L’Etat, puissant et mal-aimé
L’Etat est à la fois un concept central de la science politique et du droit, une
réalité quotidienne, et une notion chargée de valeurs positives et négatives. L’idée de
puissance qui lui est attachée prête à tous les fantasmes.
B.
Première approche : paix, ordre et stabilité
Etat vient du latin stare qui signifie à la fois « se tenir droit » et « demeurer ».
L’Etat est ce qui demeure, ce qui est fait pour demeurer : c’est un principe de
conservation et de permanence. Cf. général de Gaulle : « Il n’y a de France que grâce à
l’Etat » ; principe de continuité de l’Etat.
La froideur (cf Nietzsche « L’Etat est un monstre froid ») est essentielle à l’Etat,
elle le place au-dessus des passions de la société civile, qui elle est caractérisée par le
mouvement. L’Etat est donc une tentative permanente de faire de l’ordre avec du
mouvement. Un Etat rigidifié sera imperméable aux évolutions sociales, en décalage
avec les attentes des « vraies gens ».
C.
L’ordre interne : un pouvoir juridique centralisé
L’Etat est un ensemble d’acteurs d’une grande diversité, ainsi qu’un système
complexe de rapports juridiques. Son caractère monolithique est une fiction
nécessaire. C’est une personne juridique qui possède un pouvoir d’injonction
juridique : il impose les normes de manière unilatérale, il est producteur du droit.
L’Etat moderne est caractérisé par une centralisation du système juridique.
L’Etat garantit l’effectivité et le respect de ses normes, par le biais de la police, la
justice et l’administration pénitentiaire. Cf. Kant, l’Etat est « la réunion d’une
multiplicité d’hommes vivant sous des lois juridiques ».
L’Etat de droit
= Etat producteur du droit & soumis au droit. Cette limitation vise à protéger la
liberté
individuelle.
Pour Platon, les pouvoirs de l’Etat sont illimités, cette vue se prolonge au Moyen-Age.

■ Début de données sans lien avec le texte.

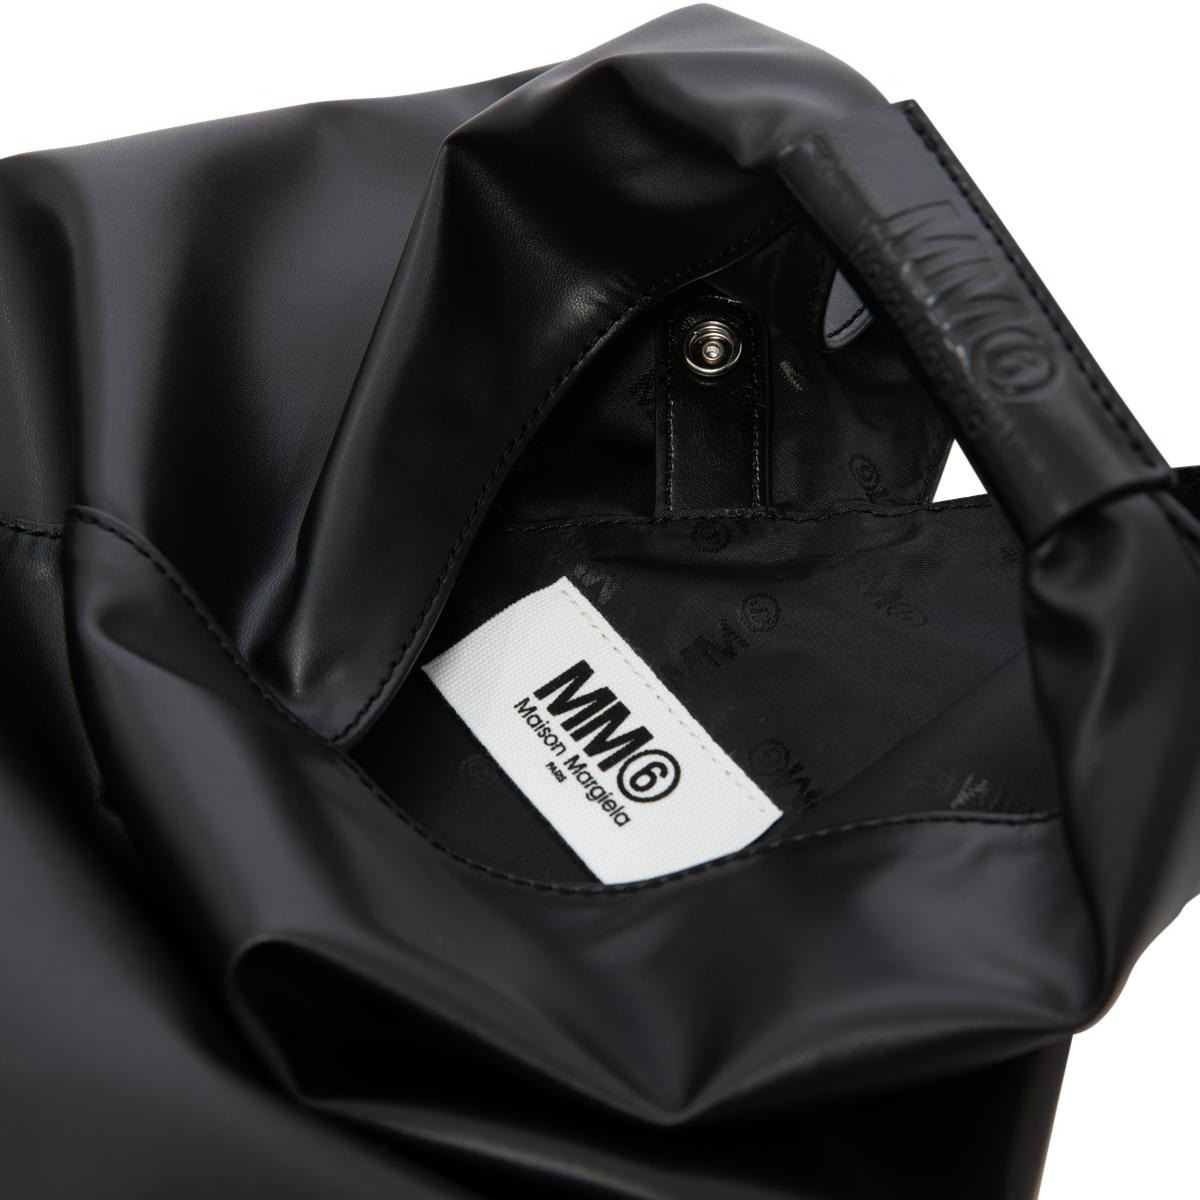 MM6 Maison Margiela Japanese Bag (Small)

Mais la Renaissance marque une critique de cette vue et une revendication essentielle
de limitation du pouvoir de l’Etat.
Kant formule la notion d’ « Etat de droit » : celui-ci a pour mission de protéger
le droit, c’est à dire de garantir la liberté. Le bonheur et la recherche du bien ne sont
pas de son ressort.
Ce qui importe pour Kant, c’est de savoir si le pouvoir de l’Etat est arbitraire ou
conforme au concept de droit, ce qui permet de distinguer entre despotisme et
république. Cette dernière requiert le droit de participer à l’élaboration de la loi et le
droit à l’égalité devant la loi.
La séparation des pouvoirs est un principe et mécanisme constitutionnel qui
permet de soumettre l’Etat à sa propre puissance : le pouvoir y arrête le pouvoir.

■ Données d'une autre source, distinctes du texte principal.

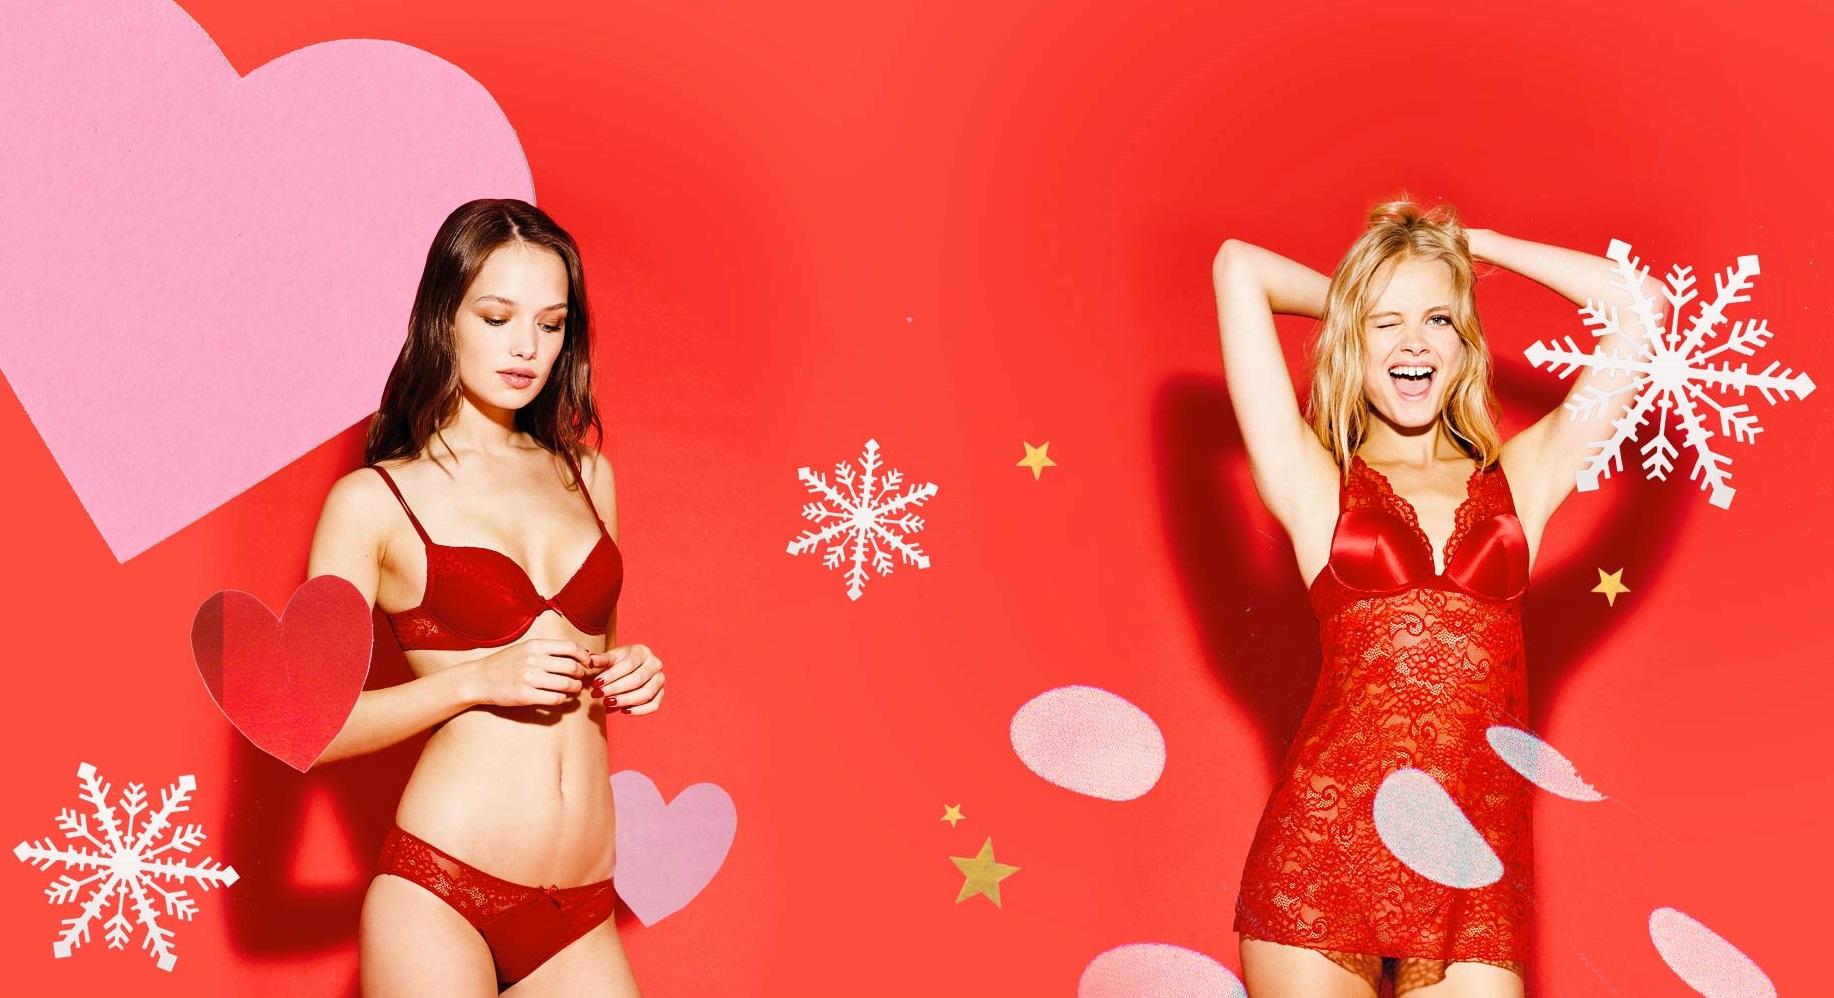 f4b07371285 Κόκκινα εσώρουχα για να σας μπει καλά το νέο έτος - Τα πιο όμορφα ...

L’ « autorité judiciaire » notamment, doit être indépendante.
Aujourd’hui, le Conseil Constitutionnel et la multiplication des Autorités
Administratives Indépendantes montrent que ce principe s’impose peu à peu dans
notre pays.
D.
L’ordre international : souveraineté et Etat-nation
L’Etat est l’acteur majeur de la société internationale. Cependant la logique de
souveraineté étatique va à l’encontre de celle du droit international, qui balbutie.

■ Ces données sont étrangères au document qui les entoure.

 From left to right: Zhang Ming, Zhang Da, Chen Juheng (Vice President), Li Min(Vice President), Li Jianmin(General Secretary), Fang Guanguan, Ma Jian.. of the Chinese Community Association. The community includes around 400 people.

L’absence d’égalité juridique des Etats (cf. « Conseil de Sécurité de l’ONU ») montre
la prédominance du concept de puissance sur celui de droit sur la scène
internationale.
L’Etat au sens du droit international se définit par l’existence d’un territoire,
d’une population et d’un pouvoir juridiquement organisé.
II. Pourquoi l’Etat ?
« Si l’Etat est fort, il nous écrase. S’il est faible, nous périssons. »
Paul Valéry, Regards sur le monde actuel
A.
Etat et dépassement de l’état de nature
Il y a une méfiance première à l’égard de l’homme sans Etat, qui renvoie peutêtre à une méfiance quant à la nature humaine elle-même. L’Etat est présenté comme
un agent de pacification par la contrainte.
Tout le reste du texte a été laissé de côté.